Of course, there would be a 'pmemunmap' qmp commands that would perform 
the cleanup

/* etc. */
munmap()
cpu_physical_memory_unmap();
  /* etc. */

Would that work? Is mapping the full extent of the guest RAM too much to 
ask of cpu_physical_memory_rw()?
>
>>>>>> The socket API was written by the libvmi author and it works the with
>>>>>> current libvmi version. The libvmi client-side implementation is at:
>>>>>>
>>>>>> https://github.com/libvmi/libvmi/blob/master/libvmi/driver/kvm/kvm.c
>>>>>>
>>>>>> As many use kvm VM's for introspection, malware and security analysis,
>>>>>> it might be worth thinking about making the pmemaccess a permanent
>>>>>> hmp/qmp command, as opposed to having to produce a patch at each QEMU
>>>>>> point release.
>>>>> Related existing commands: memsave, pmemsave, dump-guest-memory.
>>>>>
>>>>> Can you explain why these won't do for your use case?
>>>> For people who do security analysis there are two use cases, static
>>>> and dynamic analysis. With memsave, pmemsave and dum-guest-memory one
>>>> can do static analysis. I.e. snapshotting a VM and see what was
>>>> happening at that point in time.
>>>> Dynamic analysis require to be able to 'introspect' a VM while it's running.
>>>>
>>>> If you take a snapshot of two people exchanging a glass of water, and
>>>> you happen to take it at the very moment both persons have their hands
>>>> on the glass, it's hard to tell who passed the glass to whom. If you
>>>> have a movie of the same scene, it's obvious who's the giver and who's
>>>> the receiver. Same use case.
>>> I understand the need for introspecting a running guest.  What exactly
>>> makes the existing commands unsuitable for that?

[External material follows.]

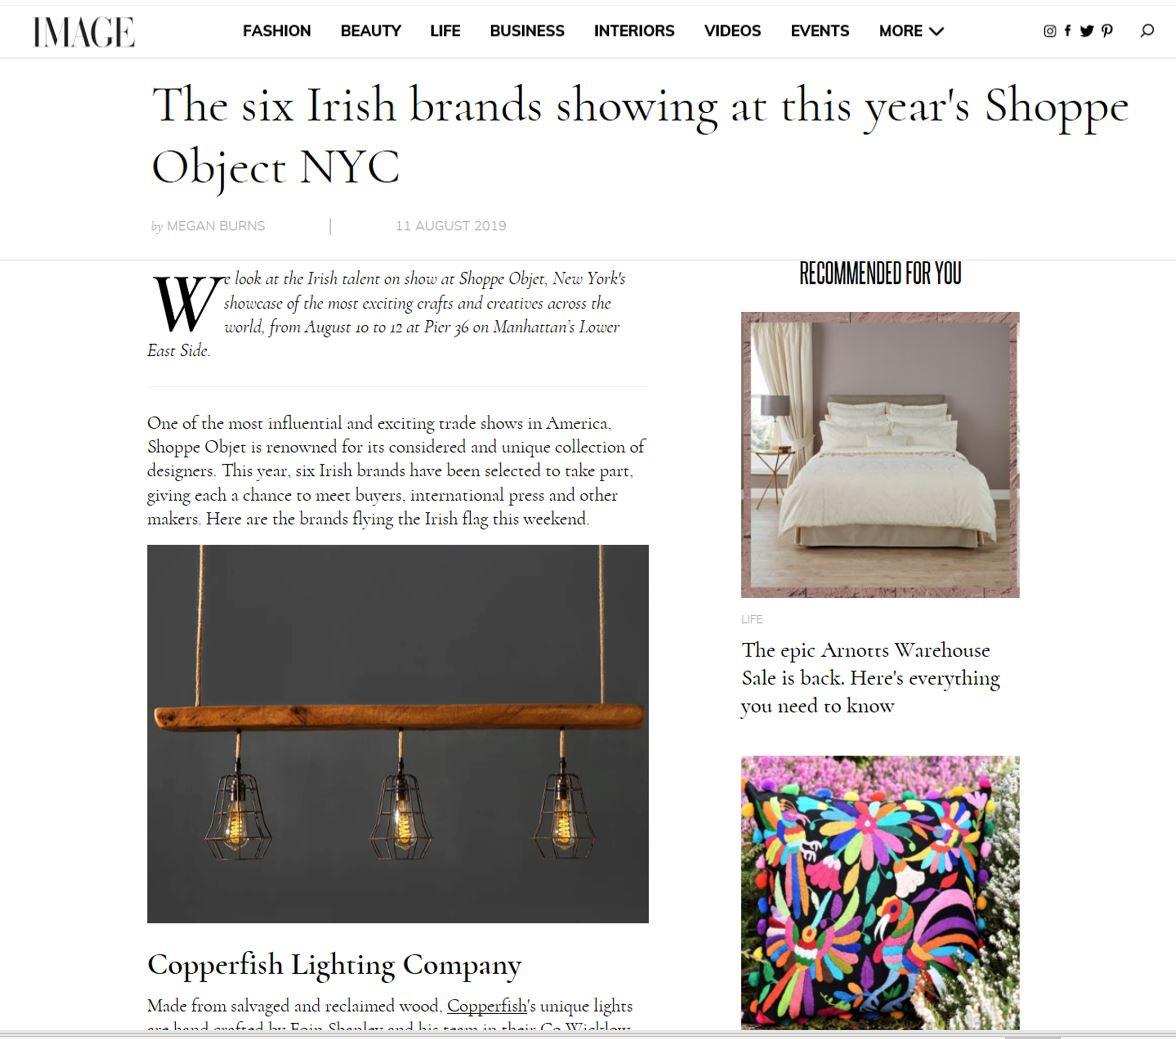 Image Magazine - Aug 2019

>> Speed. See discussion above.
>>>> More to the point, there's a host of C and python frameworks to
>>>> dynamically analyze VMs: volatility, rekal, "drakvuf", etc. They all
>>>> build on top of libvmi. I did not want to reinvent the wheel.
>>> Fair enough.
>>>
>>> Front page http://libvmi.com/ claims "Works with Xen, KVM, Qemu, and Raw
>>> memory files."  What exactly is missing for KVM?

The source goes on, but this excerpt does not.